Makadi Heights delivered outstanding real estate sales figures, achieving EGP 3.5 billion in Q4 24, an impressive 283.8% surge compared to Q4 23, showcasing extraordinary growth. This brings our FY 24 total real estate sales to EGP 7.5 billion, up by an impressive 178.4% compared to FY 2023. In Q4 24, the average selling price per square meter increased by 47.0%, reaching EGP 100,901 per sqm compared to Q4 23. Similarly, the FY 24 average selling price per square meter rose by 71.5% to EGP 89,748 per sqm, reflecting the growing value of our properties. The number of units sold increased by 68.4%, with 731 units sold in FY 24. Notably, international sales represented 59% of total real estate sales during FY 24. Makadi Heights successfully delivered 500 units during 2024, with many being early deliveries thanks to the destination’s accelerating construction pace. Total revenues from Makadi Heights reached EGP 1.4 billion, an increase of 37.4% compared to FY 23.
Taba Heights, Egypt:
Taba Heights continues to pose a challenge for the group, with efforts aimed at lowering the cash burn rate in both the short and medium term, while also preparing for the return of tourism.
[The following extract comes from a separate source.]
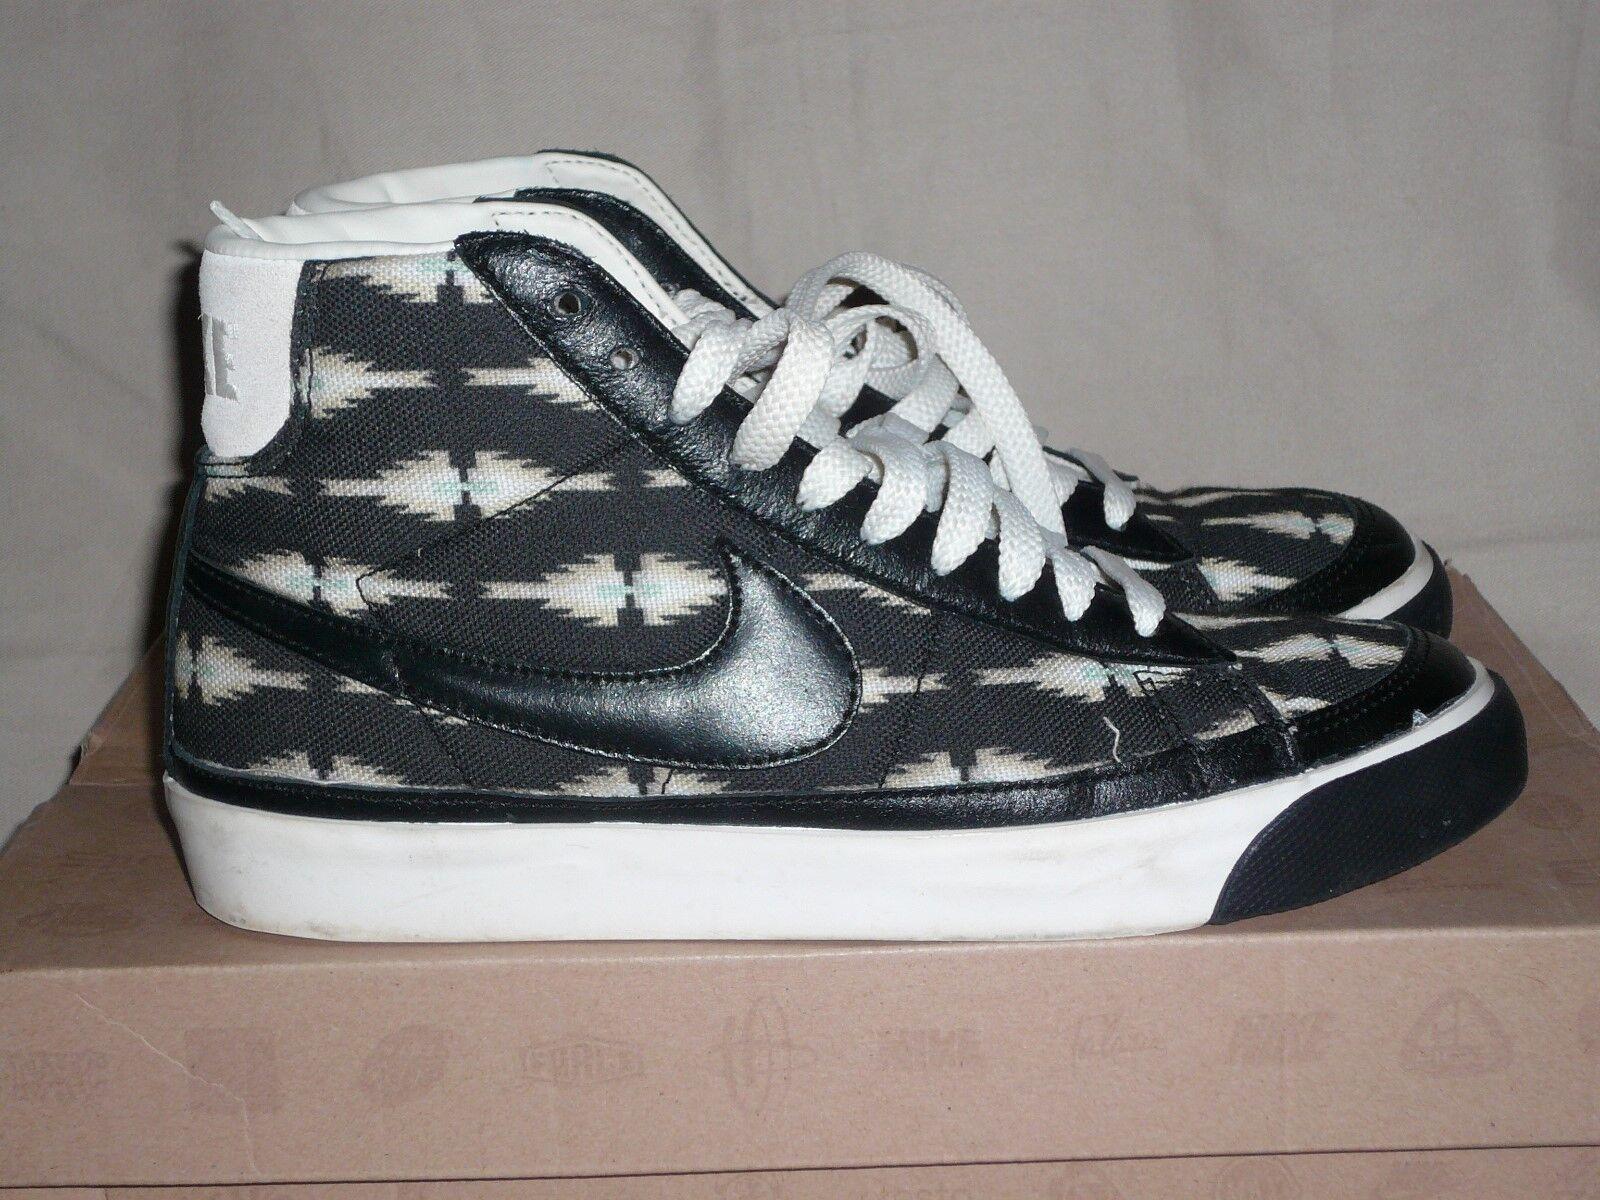 Nike Femme -375573-007 Blazer Mid, noir noir Baskets Turnchaussures UK 5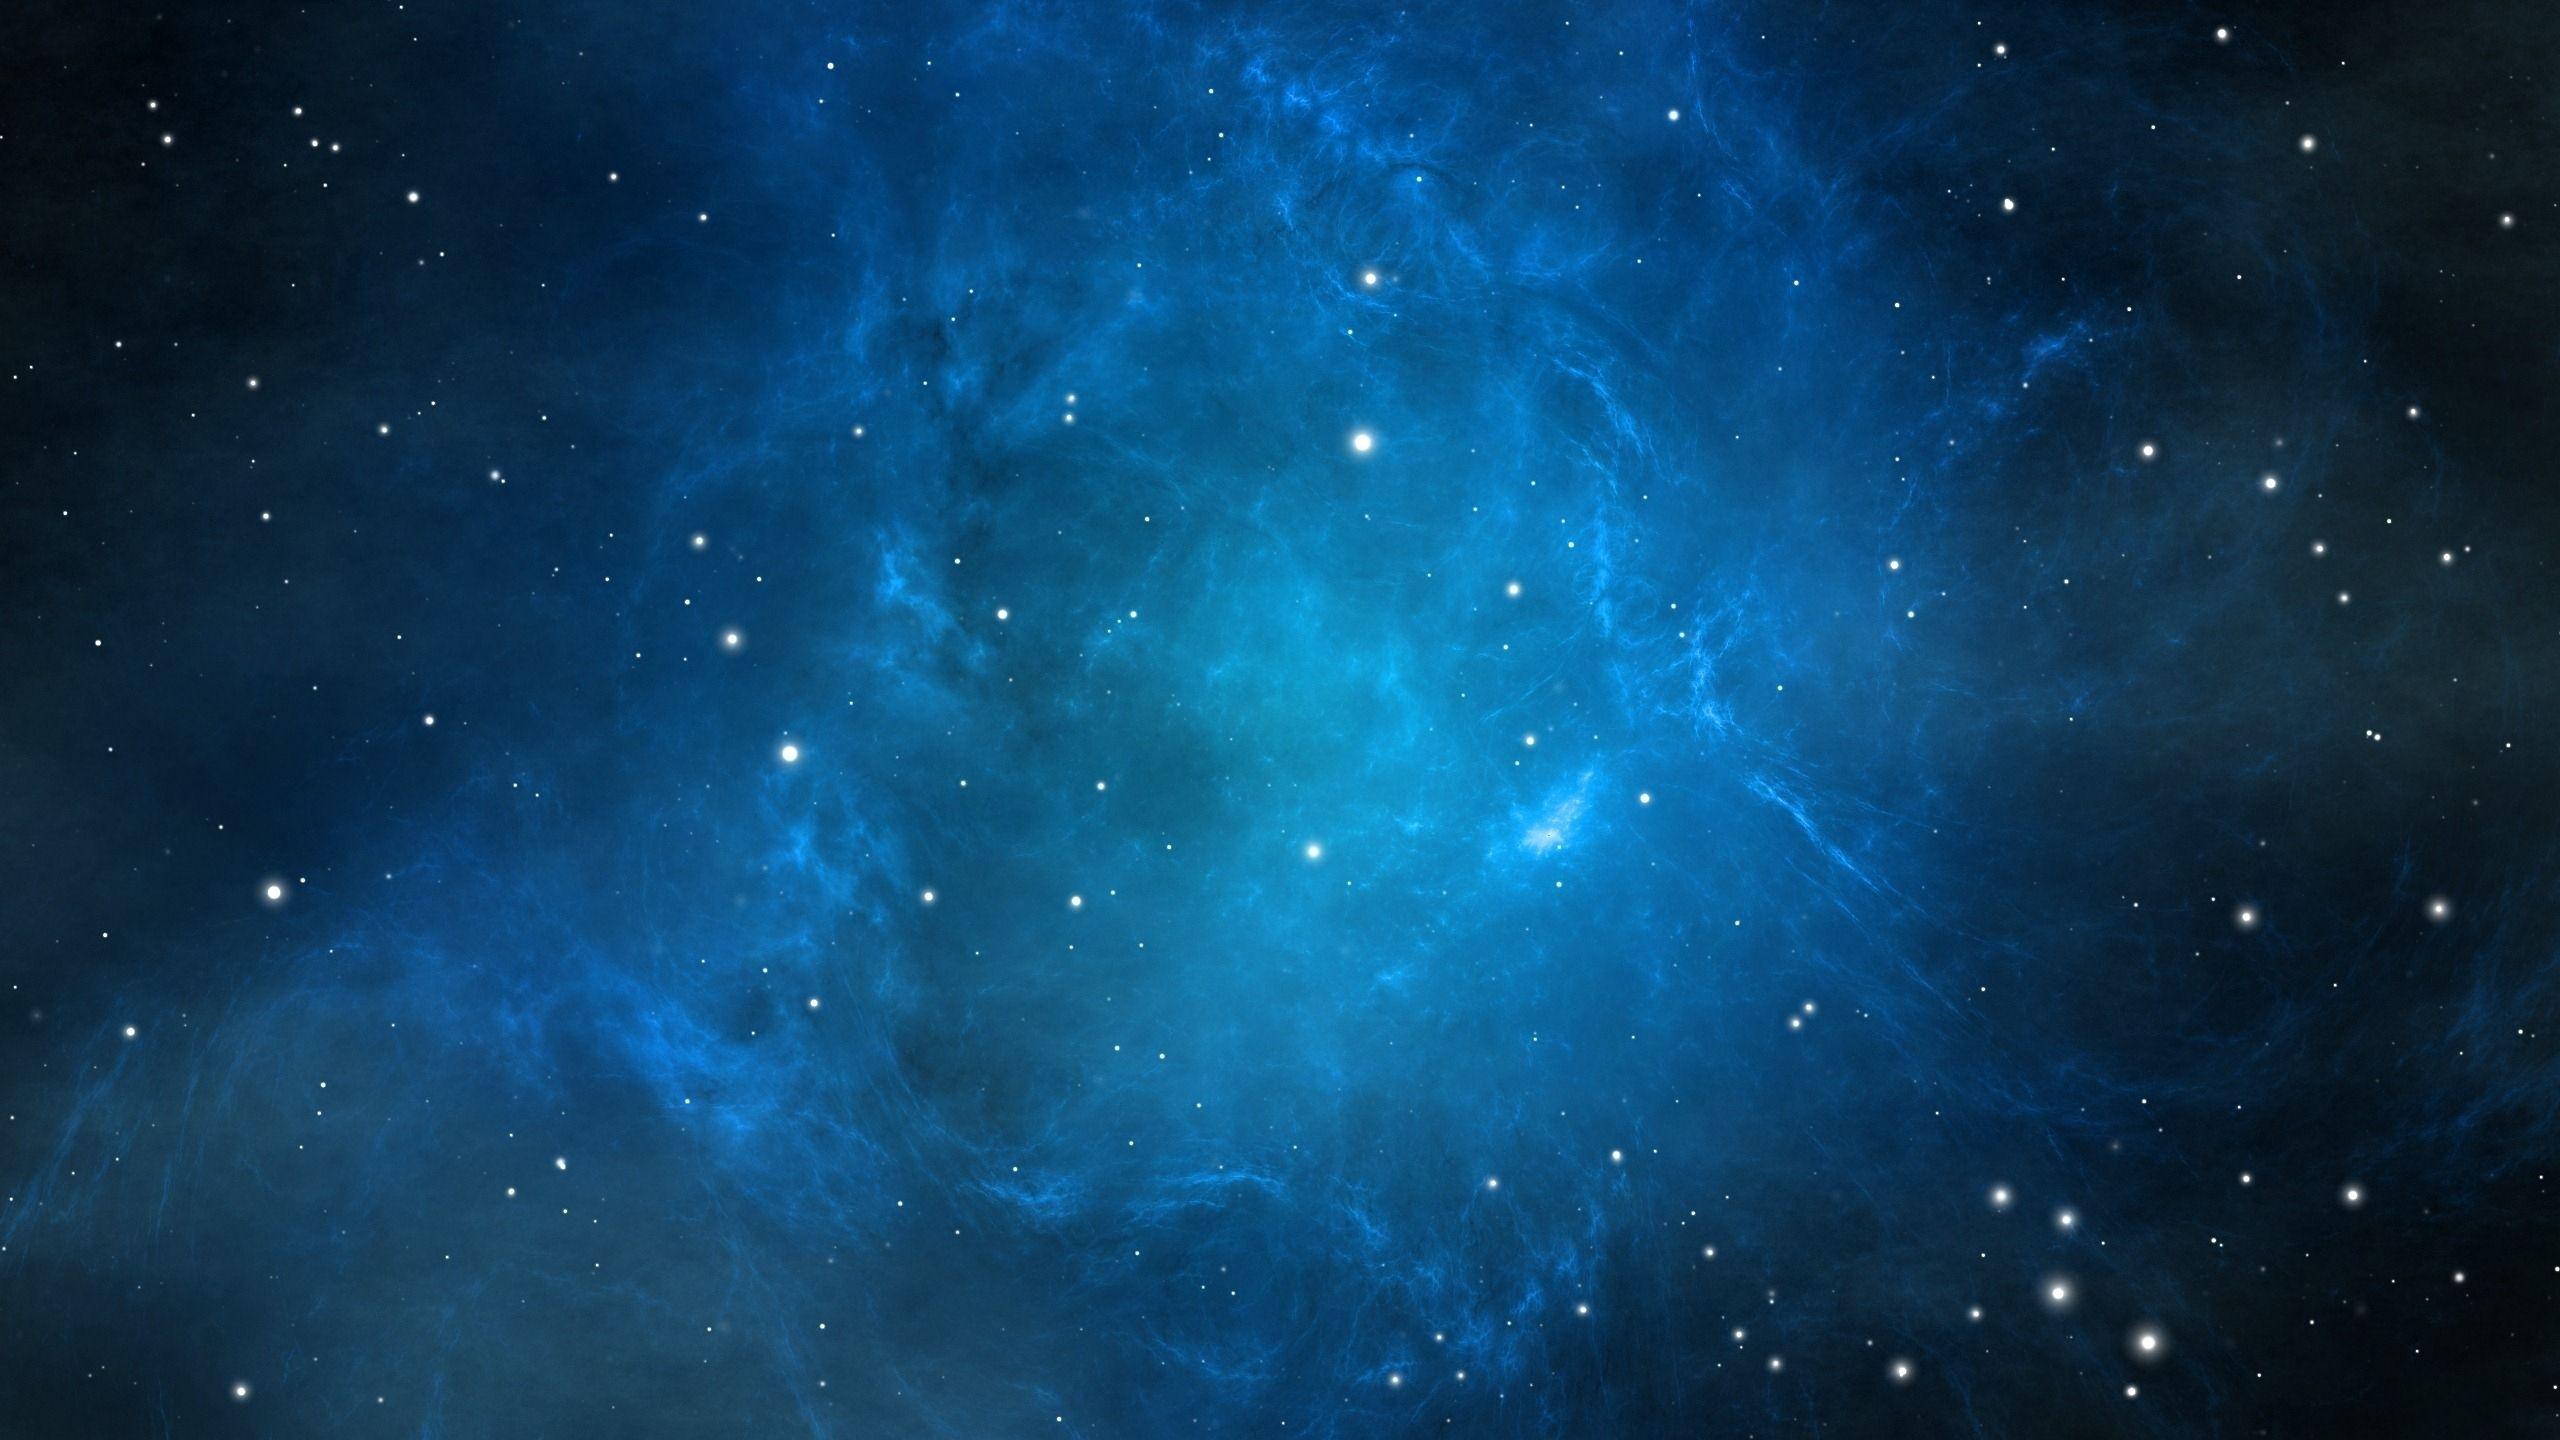 2560x1440 Galaxy Cosmic Space Wallpaper Hd Galaxy Wallpaper Galaxy Wallpaper Blue Galaxy Wallpaper

The aim is to ensure the destination is operationally ready once tourism resumes to normal levels. The company is committed to implementing a cautious and practical strategy to mitigate the impacts of the ongoing crisis. In FY 24, total revenues from Taba Heights amounted to EGP 172.3 million, showing a 64.1% decrease compared to FY 23. Of the six hotels, only one remains operational, with the occupancy rate reaching 27% during FY 24.